Only the lines from the one with "Pokemon: Gold vs Silver" to the end of the data, both ends included, should be output, exactly as they stand and without pictures.
*** Block opens ***
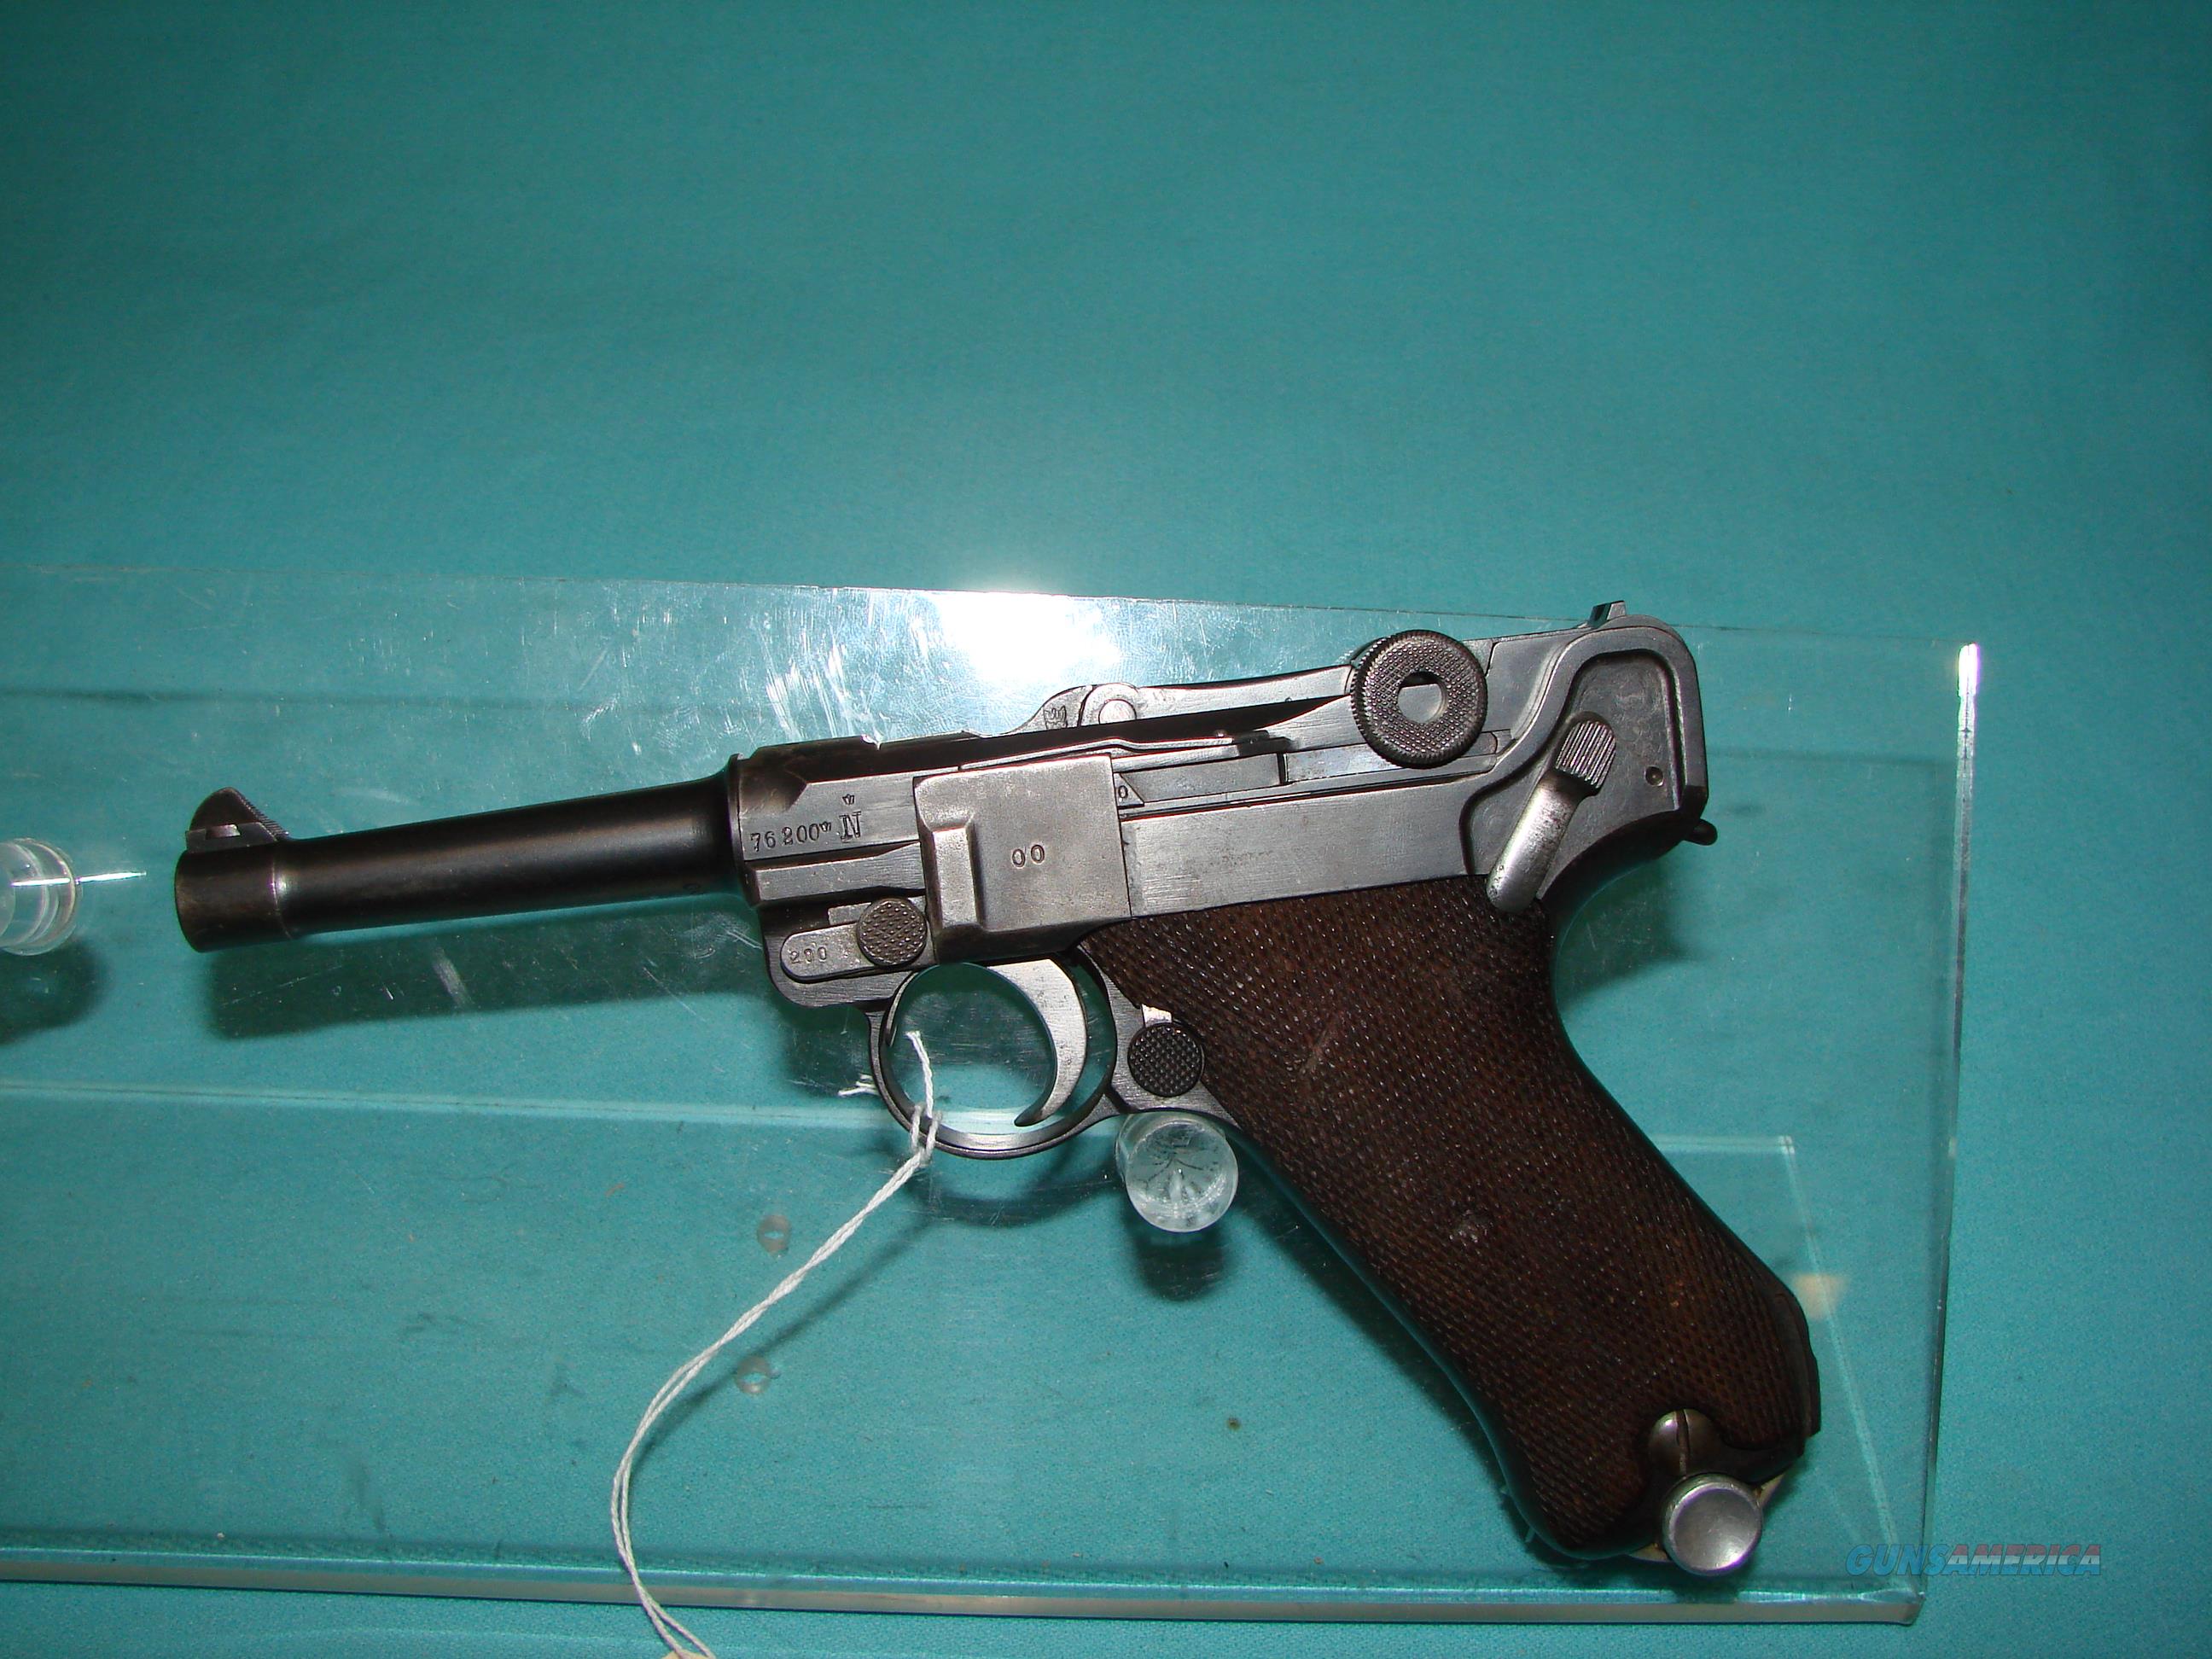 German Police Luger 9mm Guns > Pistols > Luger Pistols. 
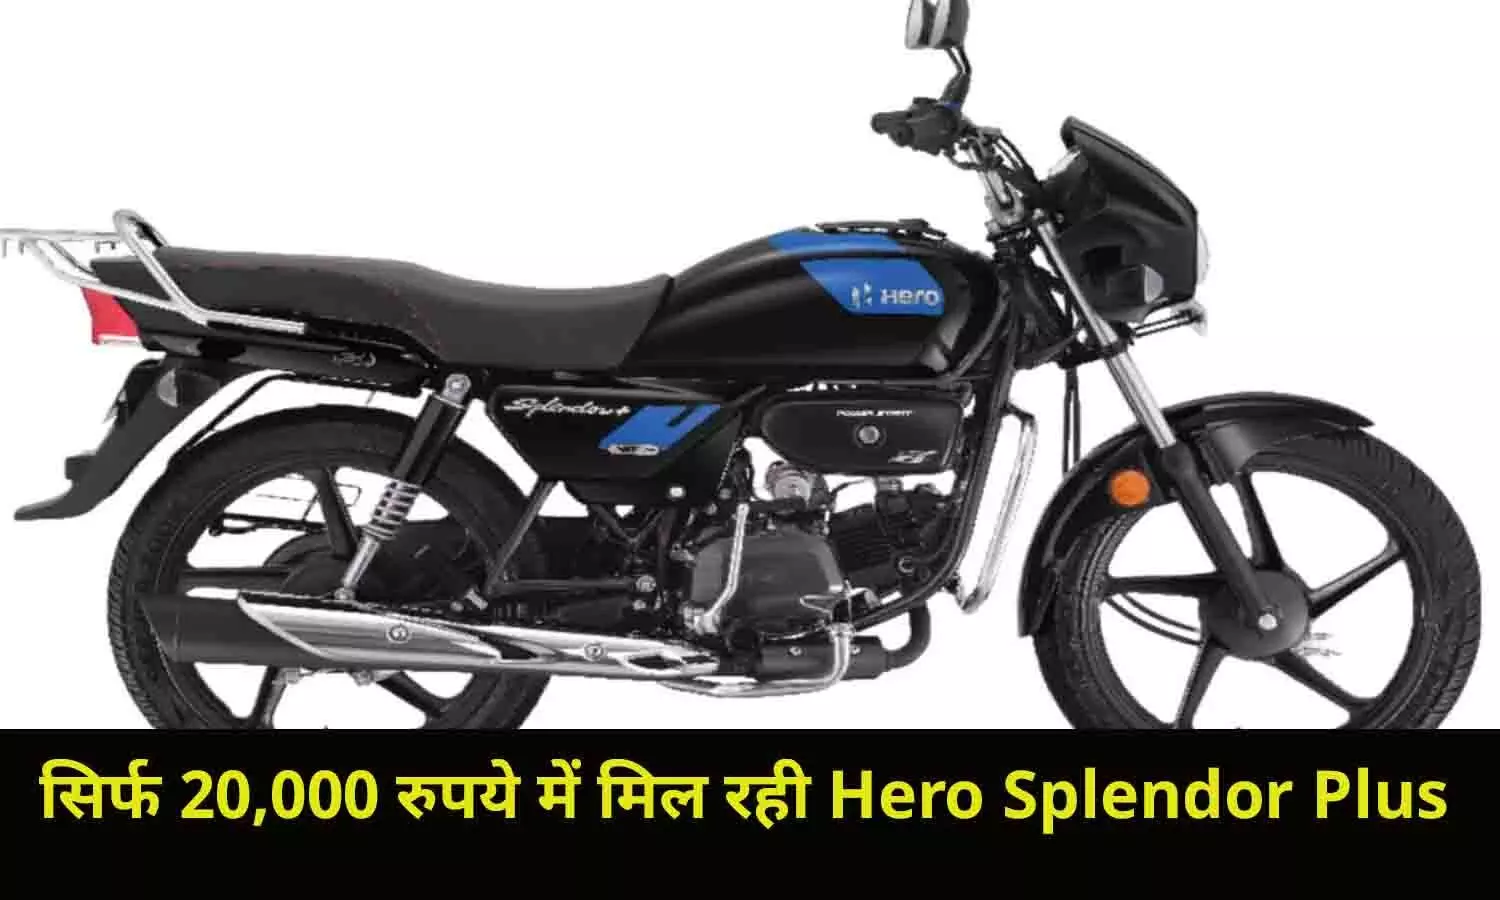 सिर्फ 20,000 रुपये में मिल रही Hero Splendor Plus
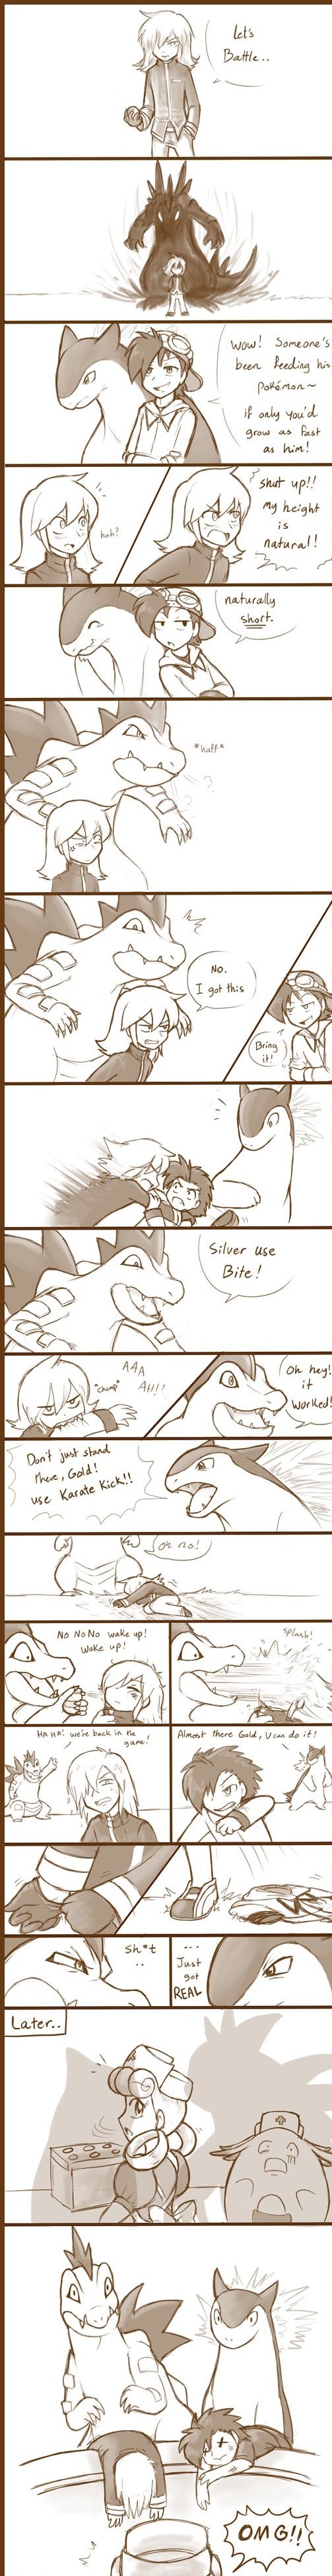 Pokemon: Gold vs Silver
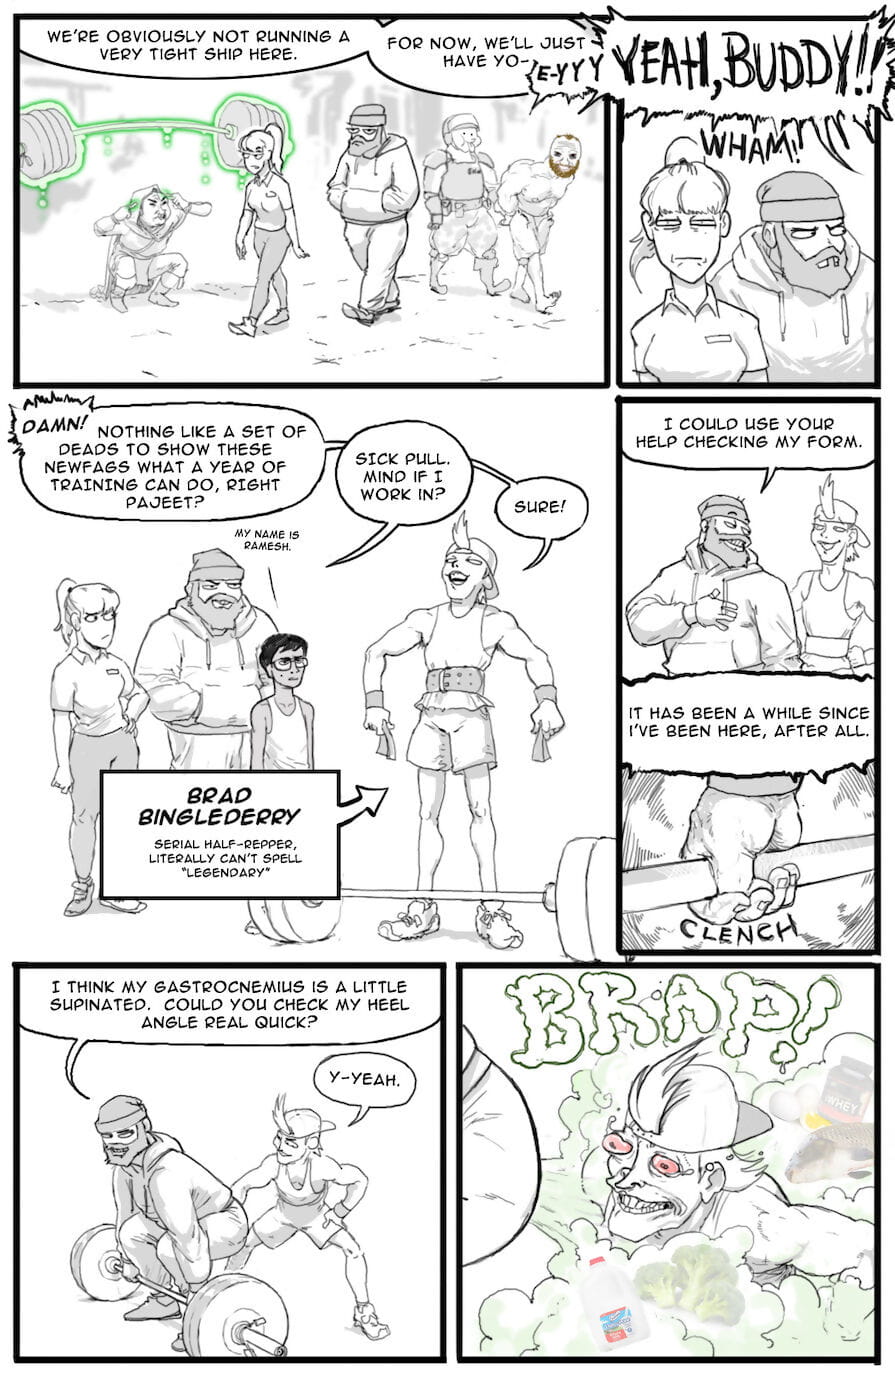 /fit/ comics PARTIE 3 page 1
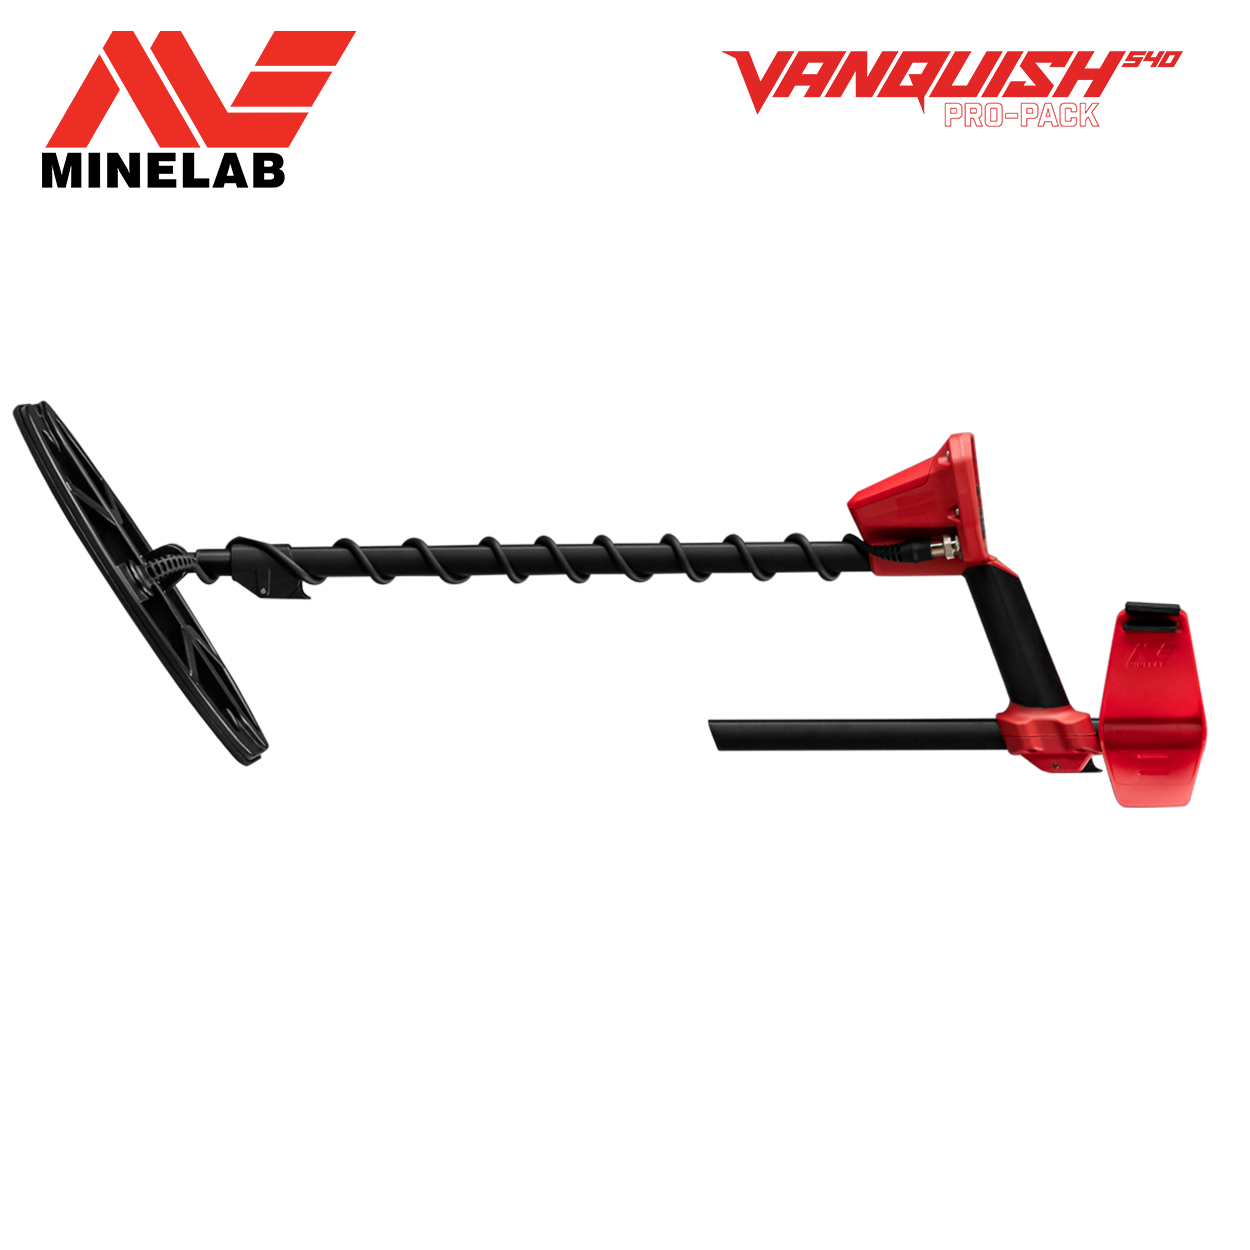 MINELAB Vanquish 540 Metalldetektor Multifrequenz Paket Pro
*** Block closes ***
:: Answer section ::
 Pokemon: Gold vs Silver
 /fit/ comics PARTIE 3 page 1
 MINELAB Vanquish 540 Metalldetektor Multifrequenz Paket Pro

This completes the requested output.